Your assignment
Using the records provided below, locate and copy each line that contains the word "English".

___

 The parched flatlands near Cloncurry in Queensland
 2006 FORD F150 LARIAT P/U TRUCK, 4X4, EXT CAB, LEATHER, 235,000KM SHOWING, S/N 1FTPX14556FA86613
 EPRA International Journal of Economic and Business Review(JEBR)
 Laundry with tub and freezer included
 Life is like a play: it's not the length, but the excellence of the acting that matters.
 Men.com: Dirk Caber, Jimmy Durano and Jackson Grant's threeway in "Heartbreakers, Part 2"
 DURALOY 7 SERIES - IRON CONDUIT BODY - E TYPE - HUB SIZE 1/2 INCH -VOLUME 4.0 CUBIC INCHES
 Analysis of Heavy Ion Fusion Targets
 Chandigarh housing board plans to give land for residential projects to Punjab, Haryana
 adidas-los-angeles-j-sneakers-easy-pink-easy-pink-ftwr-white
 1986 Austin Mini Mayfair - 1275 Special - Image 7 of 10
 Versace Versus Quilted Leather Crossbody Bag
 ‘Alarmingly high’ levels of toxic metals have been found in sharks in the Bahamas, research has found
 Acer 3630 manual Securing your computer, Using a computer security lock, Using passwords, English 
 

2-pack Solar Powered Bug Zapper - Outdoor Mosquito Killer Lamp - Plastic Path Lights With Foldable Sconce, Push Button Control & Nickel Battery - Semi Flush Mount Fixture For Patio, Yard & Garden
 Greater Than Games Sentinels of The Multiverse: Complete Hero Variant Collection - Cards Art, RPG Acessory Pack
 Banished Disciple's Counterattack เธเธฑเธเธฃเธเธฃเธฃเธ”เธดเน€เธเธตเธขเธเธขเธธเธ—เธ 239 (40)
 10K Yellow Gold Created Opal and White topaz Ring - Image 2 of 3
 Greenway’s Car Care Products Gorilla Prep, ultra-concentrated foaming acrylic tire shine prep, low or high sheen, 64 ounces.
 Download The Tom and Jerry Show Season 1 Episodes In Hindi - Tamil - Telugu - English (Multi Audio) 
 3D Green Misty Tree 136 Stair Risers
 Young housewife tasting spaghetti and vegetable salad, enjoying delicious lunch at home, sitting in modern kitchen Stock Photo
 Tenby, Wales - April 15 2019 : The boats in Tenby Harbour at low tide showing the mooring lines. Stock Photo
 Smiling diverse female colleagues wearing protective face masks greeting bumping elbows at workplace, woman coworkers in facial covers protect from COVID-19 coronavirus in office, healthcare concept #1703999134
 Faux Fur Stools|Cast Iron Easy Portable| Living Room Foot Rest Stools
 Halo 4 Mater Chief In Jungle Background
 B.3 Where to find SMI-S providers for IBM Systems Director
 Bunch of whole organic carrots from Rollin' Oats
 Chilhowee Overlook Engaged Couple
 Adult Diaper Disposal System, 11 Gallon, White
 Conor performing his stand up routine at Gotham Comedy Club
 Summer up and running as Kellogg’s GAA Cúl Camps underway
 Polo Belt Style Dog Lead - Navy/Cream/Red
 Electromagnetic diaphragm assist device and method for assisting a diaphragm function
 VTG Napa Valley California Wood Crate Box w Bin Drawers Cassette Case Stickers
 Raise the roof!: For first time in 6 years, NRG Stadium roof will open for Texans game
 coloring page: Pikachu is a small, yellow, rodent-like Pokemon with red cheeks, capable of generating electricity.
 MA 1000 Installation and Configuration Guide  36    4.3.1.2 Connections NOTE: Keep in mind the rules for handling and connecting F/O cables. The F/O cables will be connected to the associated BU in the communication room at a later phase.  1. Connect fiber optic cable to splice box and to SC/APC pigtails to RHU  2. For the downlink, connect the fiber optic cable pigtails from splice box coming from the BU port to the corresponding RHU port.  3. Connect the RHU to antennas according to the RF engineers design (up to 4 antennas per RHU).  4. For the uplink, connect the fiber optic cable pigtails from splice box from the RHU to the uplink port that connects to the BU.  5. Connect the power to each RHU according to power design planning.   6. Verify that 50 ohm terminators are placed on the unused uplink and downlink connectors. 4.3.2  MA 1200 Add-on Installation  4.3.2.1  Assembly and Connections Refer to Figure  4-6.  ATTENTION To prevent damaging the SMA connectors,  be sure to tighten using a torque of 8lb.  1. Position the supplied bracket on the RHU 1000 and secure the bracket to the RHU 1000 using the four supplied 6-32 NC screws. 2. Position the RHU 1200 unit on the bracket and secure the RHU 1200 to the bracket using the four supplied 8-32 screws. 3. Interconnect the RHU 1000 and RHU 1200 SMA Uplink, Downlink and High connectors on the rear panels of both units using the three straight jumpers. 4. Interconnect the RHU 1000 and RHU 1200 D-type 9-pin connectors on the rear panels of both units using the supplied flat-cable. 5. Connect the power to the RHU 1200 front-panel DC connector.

___

Response to this exercise
 Acer 3630 manual Securing your computer, Using a computer security lock, Using passwords, English 
 Download The Tom and Jerry Show Season 1 Episodes In Hindi - Tamil - Telugu - English (Multi Audio) 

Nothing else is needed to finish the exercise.